It was the insidious chloroform stealing her consciousness from her and deadening every nerve. She saw him take a tiny vial from his pocket, fit a perforated top upon it, and direct a spurt of deadly perfume, fine as a hair, into her face.

She tried to move, but could not. The breath was cut off from her nostrils by that fatal jet; she could only gaze with a sad, anguished look into those flaming eyes opposite her.

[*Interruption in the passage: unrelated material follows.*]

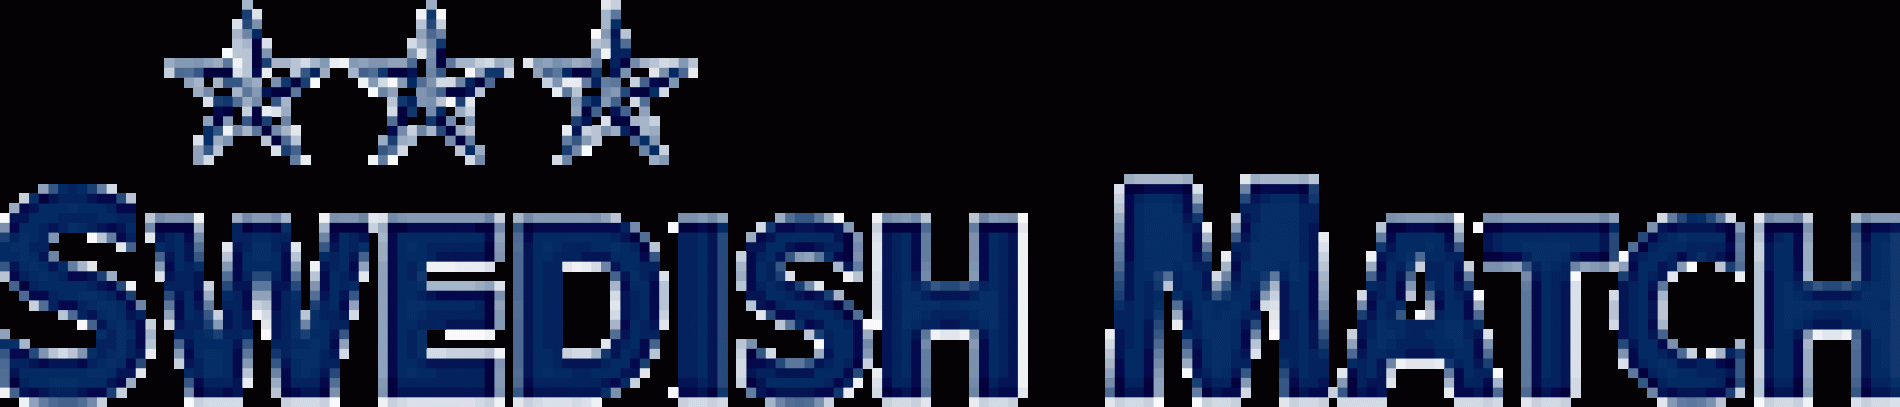 SnusCIA Snus Update – New Snus Coming!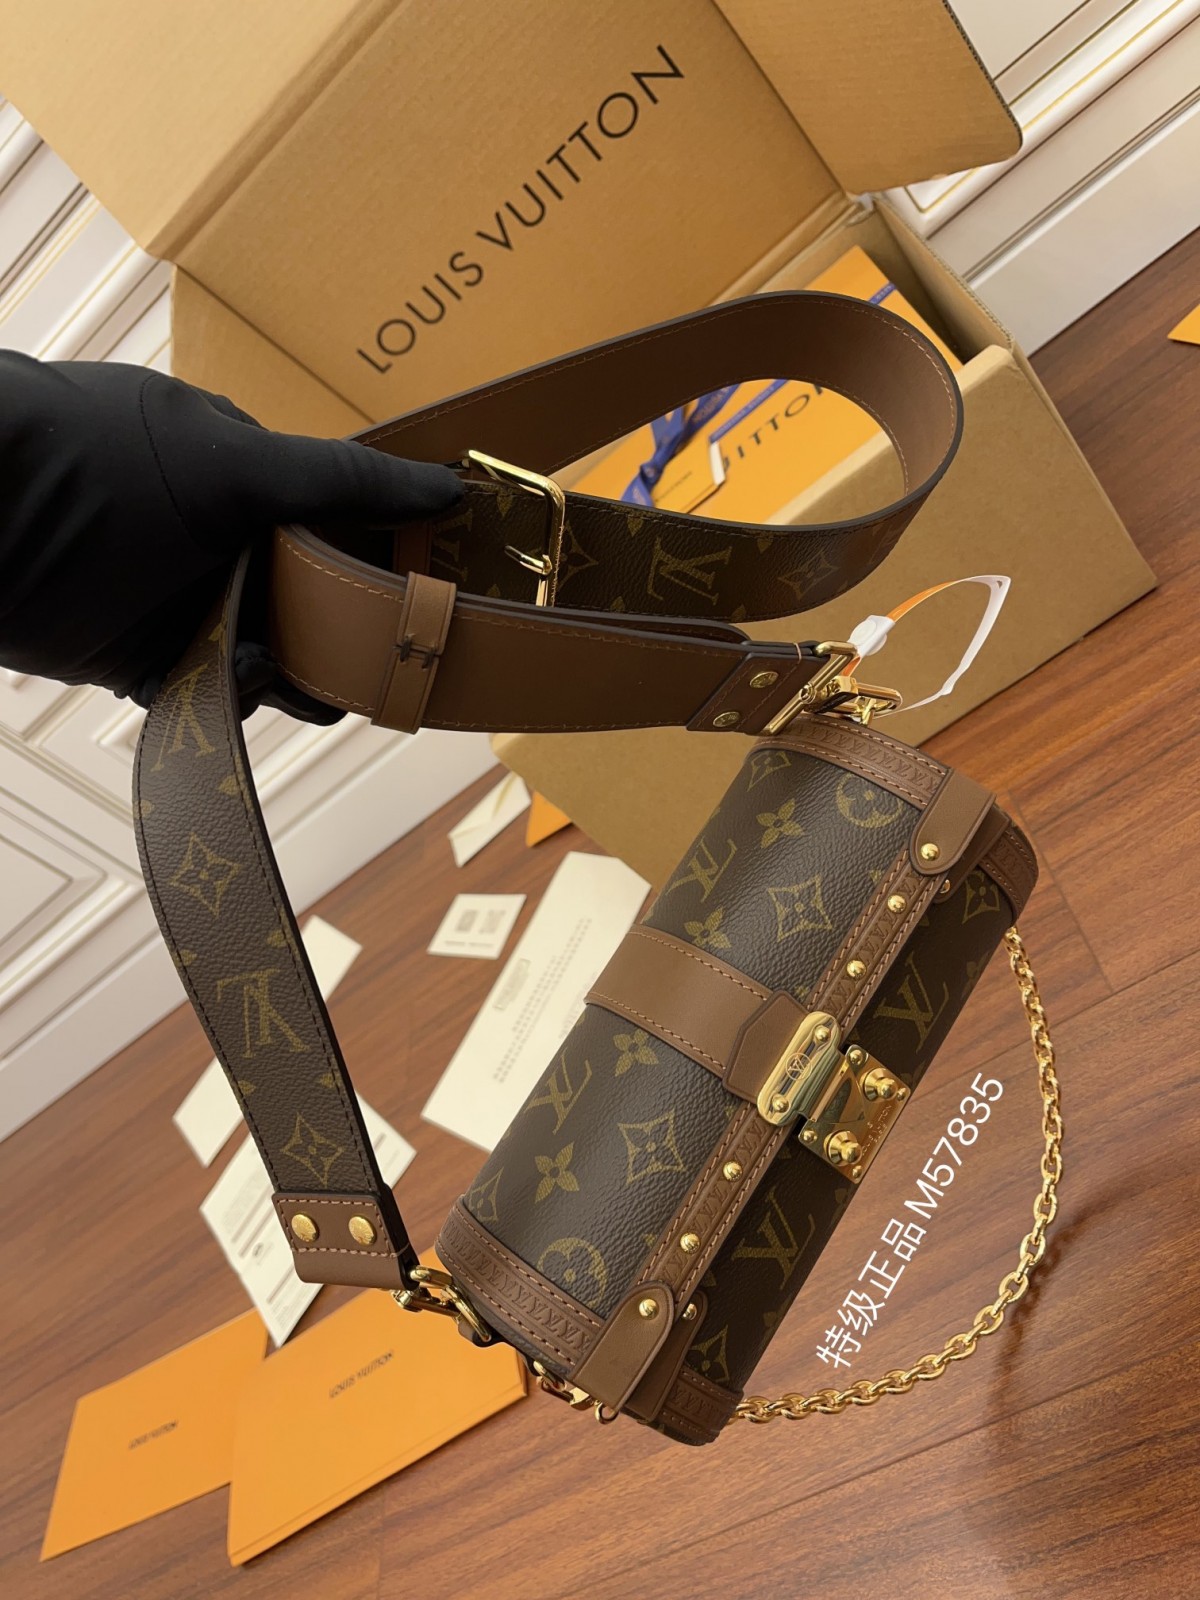 Сундучок Louis Vuitton Papillon, який вам сподобається з першого погляду (останнє 2022 року) - Інтернет-магазин підробленої сумки Louis Vuitton найкращої якості, копія дизайнерської сумки ru

Something in the harrowing intensity of that silent look troubled the man.

He missed his aim, and the death-giving essence streamed harmlessly upon the bosom of her dress.

Again and again he adjusted the cunning little tube so as to force her to breathe its fatal contents; but his hand trembled, his face waxed white—he quailed before the ghostly appeal of those fixed orbs.

Minutes passed. Why did not the man finish his victim.

Was ever yet a woman more completely in a murderer's power?

Her attendant drugged into a senseless clod beside her, her faculties all benumbed, no eye to watch the tragedy, no hand to seize the villain—why did he not act out his instructions?

She held him by that mesmeric gaze, where the soul stood plainly forth pleading for mercy. She was so young, so gentle, so sorrowful.

Oh! he cowered away from his fell purpose; he dallied with his chance, and that chance slipped by.